The second active/non-active voice determination unit 230 can perform secondary active/non-active voice period determination for the current audio frame by comparing the extracted signal power prediction value with the extracted noise power prediction value. For example, the second active/non-active voice determination unit 230 can determine the current audio frame as an active voice period if the signal power prediction value is greater than the noise power prediction value, and can determine the current audio frame as a non-active voice period if the signal power prediction value is less than the noise power prediction value.
The filtering unit 240 can filter secondary active/non-active voice period determination values using a media filter. The filtering unit 240 can reduce the possibility of a wrong active voice/non-active determination due to consecutive changes between frames.
FIG. 3 is a detailed flowchart illustrating the operation of the first active/non-active voice determination unit 210 illustrated in FIG. 2.
In operation 310, the first active/non-active voice determination unit 210 can read a predetermined number of samples from an input audio frame in order to obtain a power Pi of an ith frame, where i is a natural number.
In operation 320, the first active/non-active voice determination unit 210 can determine if the input audio frame is the first frame by referring to frame information.
In operation 330, if it is determined that the input audio frame is the first frame, the first active/non-active voice determination unit 210 determines if a power of the first audio frame is greater than a predetermined threshold power.
In operation 360, if it is determined that the power of the first audio frame is greater than the threshold power, the first active/non-active voice determination unit 210 determines the audio frame as an active voice period, in operation 360. Otherwise, if it is determined that the power of the first audio frame is not greater than the threshold power, the first active/non-active voice determination unit 210 determines the audio frame as a non-active voice period, in operation 370. At this time, the primary active/non-active voice period determination can be performed by using a flag determined according to a power of the audio frame with respect to the threshold power. Otherwise, if the input audio frame is not the first frame, in operation 320, the first active/non-active voice determination unit 210 performs active/non-active voice period detection for the following audio frames by using the primary active/non-active voice determination value.

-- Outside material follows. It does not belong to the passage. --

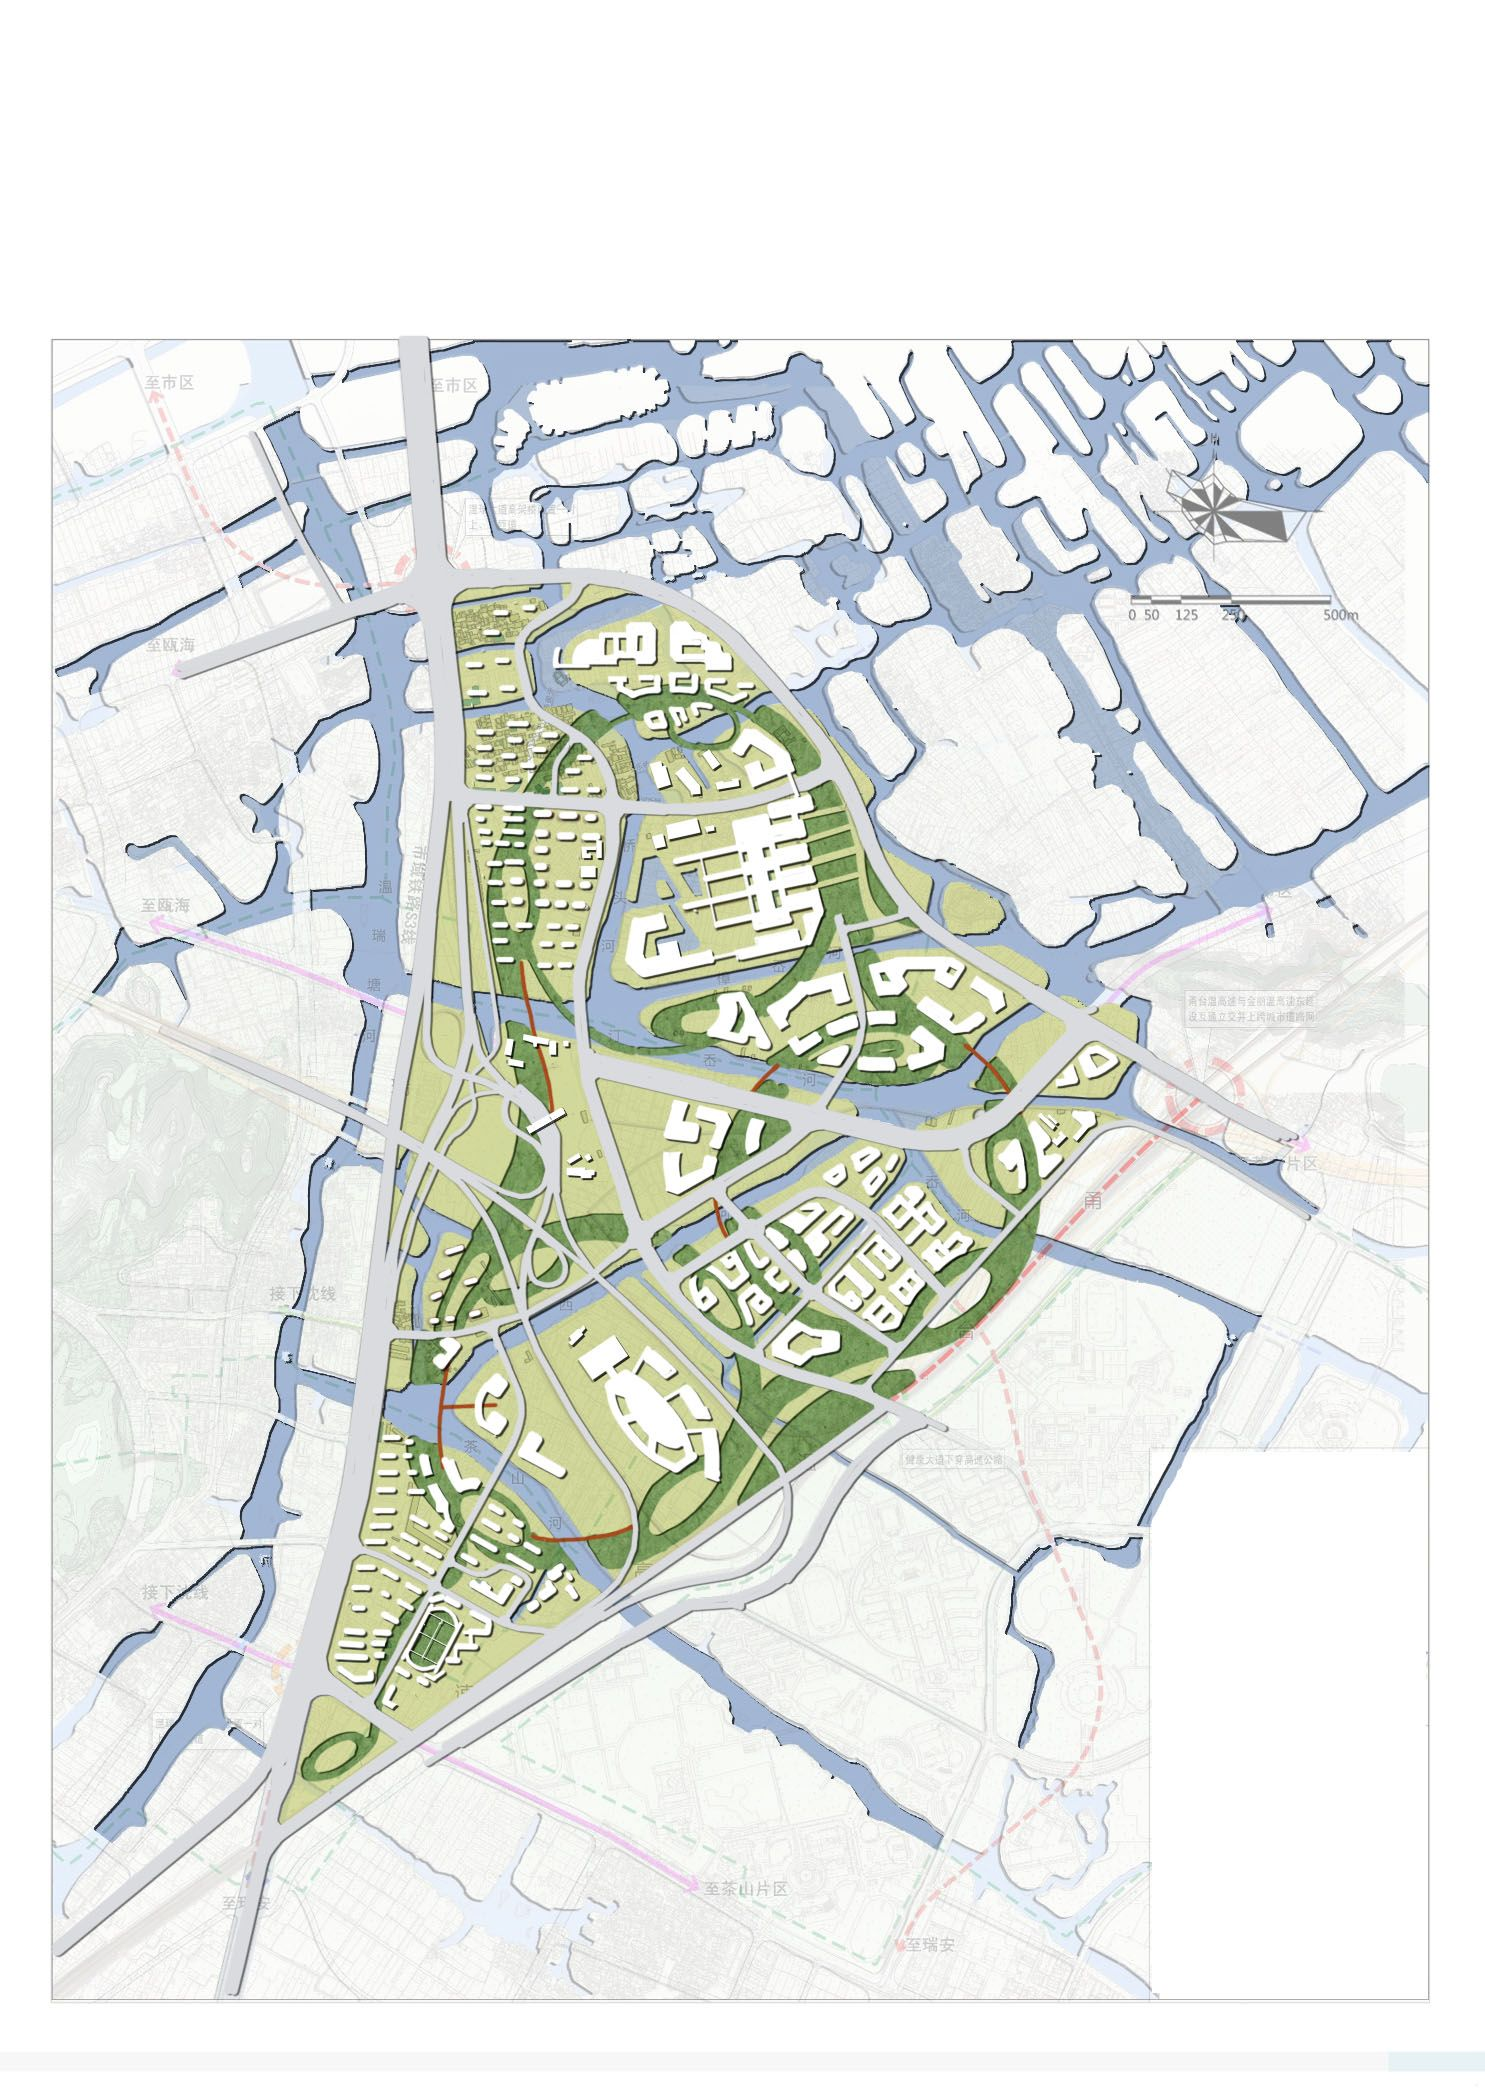 Andscape Masterplan Mixed Use Development Modern Landscape Urban Design Landscape Corridor And Entryw Urban Design Concept Urban Design Plan Urban Planning

In other words, if the primary active/non-active voice determination value for the first audio frame or a previous audio frame is a non-active voice period and a power of the current audio frame is greater than a predetermined multiple of the power of the previous audio frame, in operation 340, the first active/non-active voice determination unit 210 determines the current audio frame as the active voice period, in operation 360.
If the primary active/non-active voice determination value for the first audio frame or the previous audio frame is an active voice period and the power of the current audio frame is less than the predetermined multiple of the power of the previous audio frame, in operation 350, the first active/non-active voice determination unit 210 determines the current audio frame as the non-active voice period, in operation 370.
FIG. 4 is a detailed flowchart illustrating the operation of the frame power prediction unit 220 illustrated in FIG. 2.
In operation 410, the frame power prediction unit 220 can read primary active/non-active voice determination values for audio frames stored in a memory.
In operation 420, the frame power prediction unit 220 can determine if an input audio frame is the first audio frame by referring to frame information.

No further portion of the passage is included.